Senior depth: Even at temperature 0 you’re not guaranteed bit-for-bit reproducibility (floating-point and batching effects). Self-consistency is a useful trick: sample several reasoning chains and take the majority answer. Constrained/structured decoding (topic 7) overlaps here.
Interview tie-in: For a RAG or extraction system you want low temperature — you’re after faithful, grounded, reproducible answers, not creativity. Stating “I’d run generation at low/zero temperature to reduce hallucination” is a clean, correct design choice.
8. LLM inference
Beginner: Inference is running the trained model to generate text (as opposed to training, which updates weights). This is where most of your production cost and latency live.
Two phases:
• Prefill — process the entire prompt in parallel, producing the first token and the KV cache. Compute-bound.
• Decode — generate tokens one at a time, each reusing the cache. Memory-bandwidth-bound.
Key concepts and levers:
• KV cache — stored key/value vectors for past tokens so they aren’t recomputed. It grows with sequence length × layers × batch size, so it’s a major memory consumer and the reason long contexts get expensive.
• Latency metrics — TTFT (time to first token), inter-token latency, and throughput (tokens/sec). These trade off against each other.

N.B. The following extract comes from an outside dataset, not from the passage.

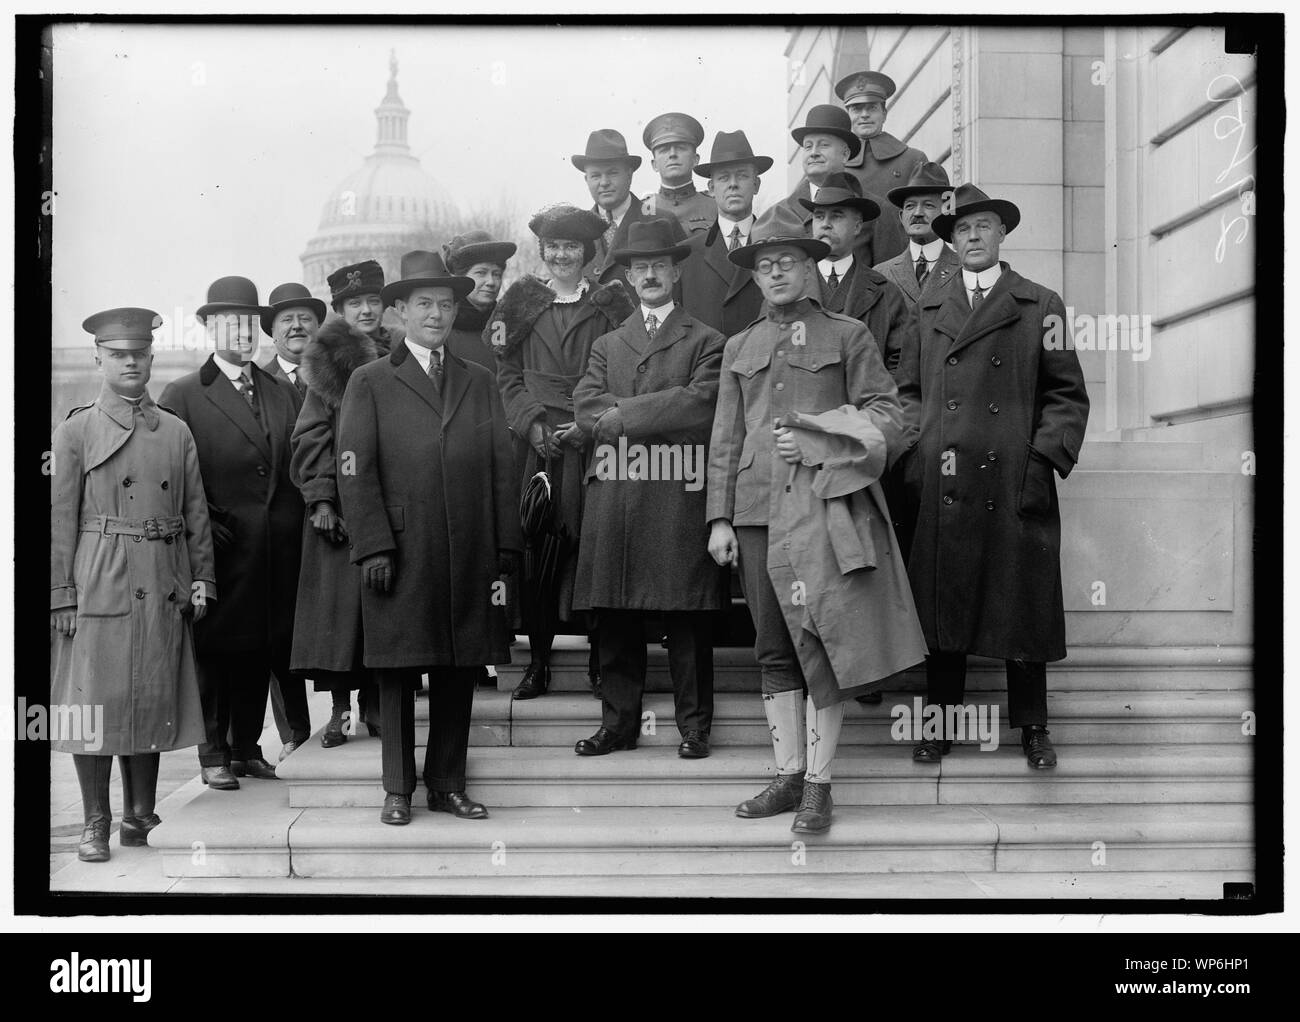 LINN, SGT. W.A. RIGHT FRONT; WITH REP. J. HAMPTON MOORE, CENTER; GEORGE O'CONNOR, LEFT CENTER FRONT; AND OTHERS ON STEPS OF H.O.B. Stock Photo

• Batching — continuous/in-flight batching (e.g., vLLM) keeps the GPU busy across many requests.
• Quantization — running weights at INT8/INT4 instead of FP16 to shrink memory and cost.
• Speculative decoding — a small “draft” model proposes tokens, the big model verifies them in parallel; speeds up decode.
• Prefix caching — reuse the KV cache for a shared prompt prefix across requests. This is huge for RAG, where you have a big fixed system prompt every call.
Interview tie-in: Cost is roughly proportional to tokens (input + output), and context length drives KV-cache memory. Expect questions like “how do you cut latency/cost?” Good answers: prefix-cache the system prompt, cap output length, retrieve fewer/better chunks instead of stuffing, use a smaller model for easy queries (routing), batch requests.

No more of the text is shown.